あなたの趣味はと聞かれたら、みなさんは「サックス」と答えるのでしょうか?いや、これは普通ですよね。音楽の趣味を表すとき、演奏する楽器の名前をあげることは至極普通だと思います。
しかしこの答えを意地悪く考えると、楽器を演奏することではなく、サックスという楽器が好きだ、と聞こえてしまう事もあるかもしれません。良く考えてみてください。あなたは自分のサックスで何をしたいのでしょうか?
サックスを始める理由はひとそれぞれです。「なんか楽器の形がカッコよいから」、「演奏の姿にしびれた」、「サックスの音色に惚れ込んだ」、「ジャズのむせび泣くテナーの音に感動した」等々、サックス奏者の数だけ理由はあるのでしょう。私もカッコ良さに惹かれてサックスを始めたくちです。最初はこの楽器の名前は「トランペット」だと思っていたくらい、楽器の見た目だけに興味が有りました。

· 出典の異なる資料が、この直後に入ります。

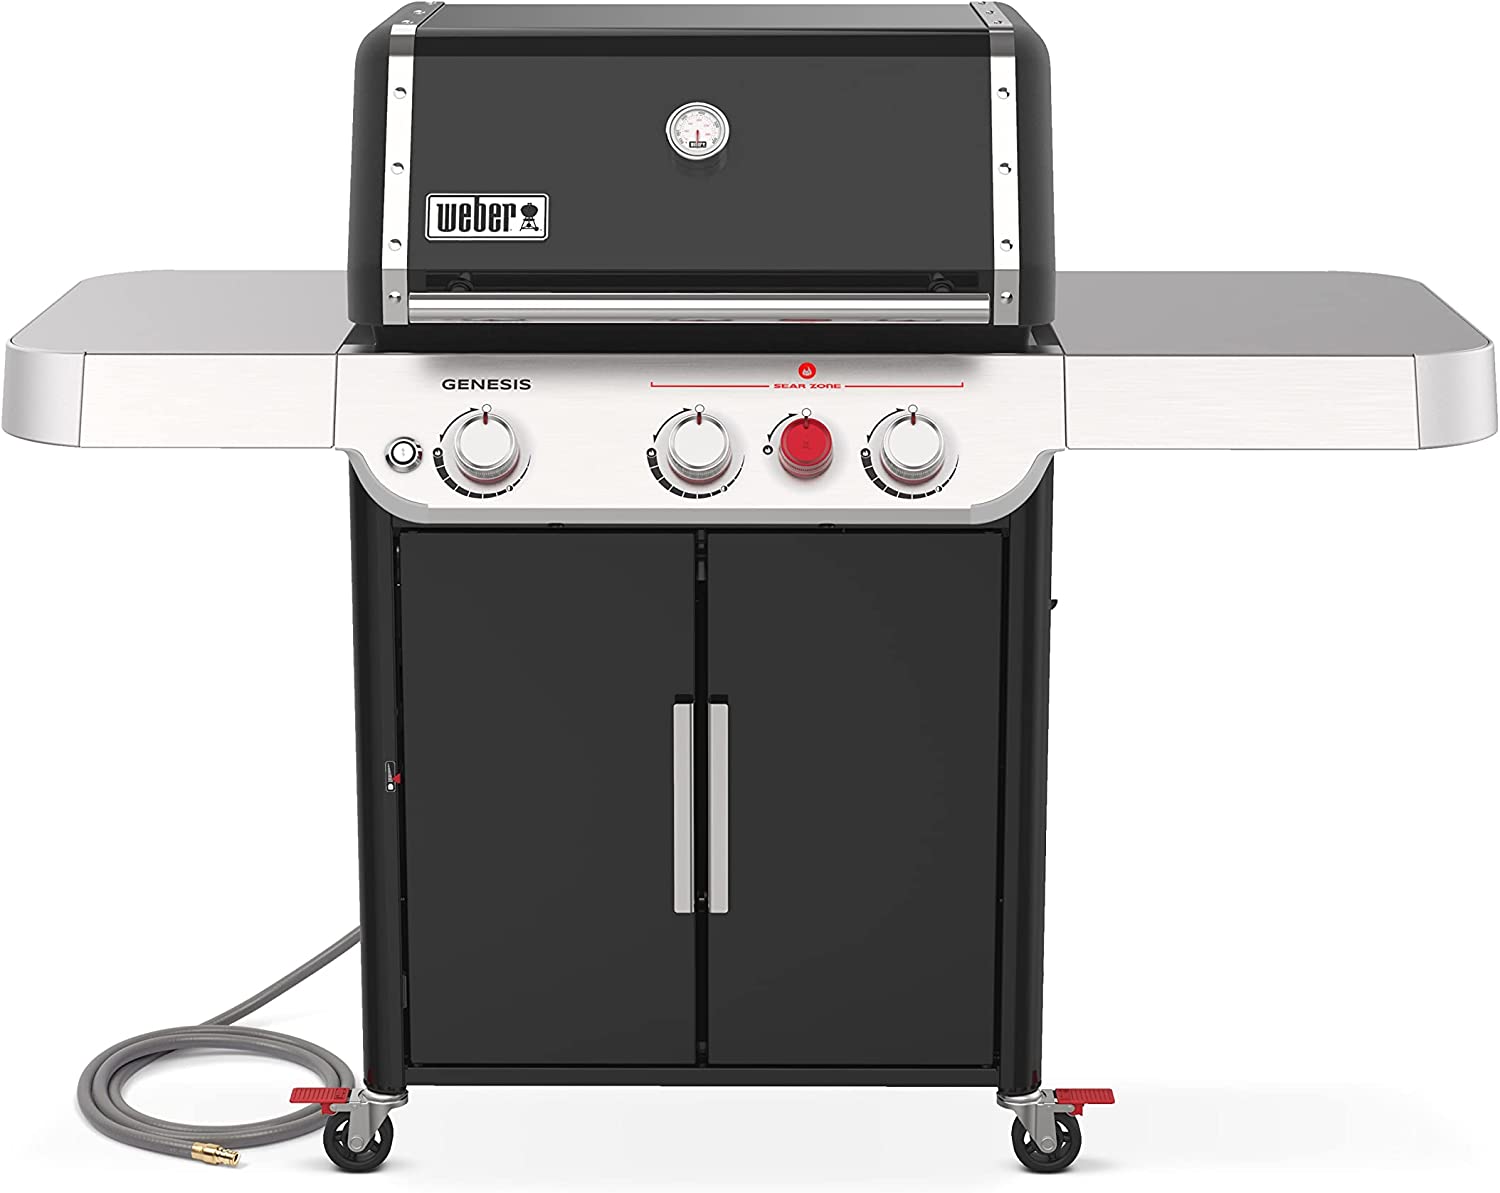 Weber Genesis E-325S Natural Gas Grill Review

しかしいざ楽器、サックスを始めると、その面白さとともに、上達の大変さや、音楽表現の難しさなど、沢山の課題も目の前に現れて来ました。しかしその課題の多さゆえに、よりサックスという楽器にのめり込んでいきました。逆にサックスの上達の難しさを理由に、せっかく買ったサックスを押し入れに仕舞い込んでしまった友人もいます。多くの管楽器購入者がこのようなごく初期の段階で、「続ける」か「止める」かの岐路に立ちます。楽器を続けることは、楽しさと同じくらいの困難や努力を要しますから、実は「続ける」の道を選ぶことは、そんなに多くない比率なのかもしれません。
目の前の、買ったばかりの自分のサックスを眺めながら、ほとんどの方が夢見るのは、ステージでカッコ良く、自分の好きな音楽を演奏している姿でしょう。このイメージをもっと深めましょう。どんなサウンドで、どんなフレーズであなたはサックスを吹いていますか?イメージを深めれば深めるほど、自分の「夢」が膨らんでくると思います。この「夢」が楽器を始めるときに絶対的に必要なものであり、楽器を続けるときに是非忘れて欲しくない物です。
夢は出来ないから「夢」です。でもそれに近づきたいと思うのは人間の本能です。夢を持ってサックスを始めたら、もしくはサックスを所有してから夢を考えるようになれば、きっと練習も楽しいし、挫折もし難いでしょう。夢を話せる先輩や指導者に会えれば最高です。きっとあなたの夢への近道を示してくれるでしょう。
あなたがサックスの上達に悩んでいるときも、悩みの解決法や悩みの本質を指摘してくれるかもしれません。しかし、どんなに良い指導者に恵まれても、「夢」がなければ「行こうとしている場所」が見えません。多少説教臭くなりましたが、サックスを始めるすべての皆さんに、「夢」を持って欲しいと思っています。だってそれが唯一の上達の条件なのですから。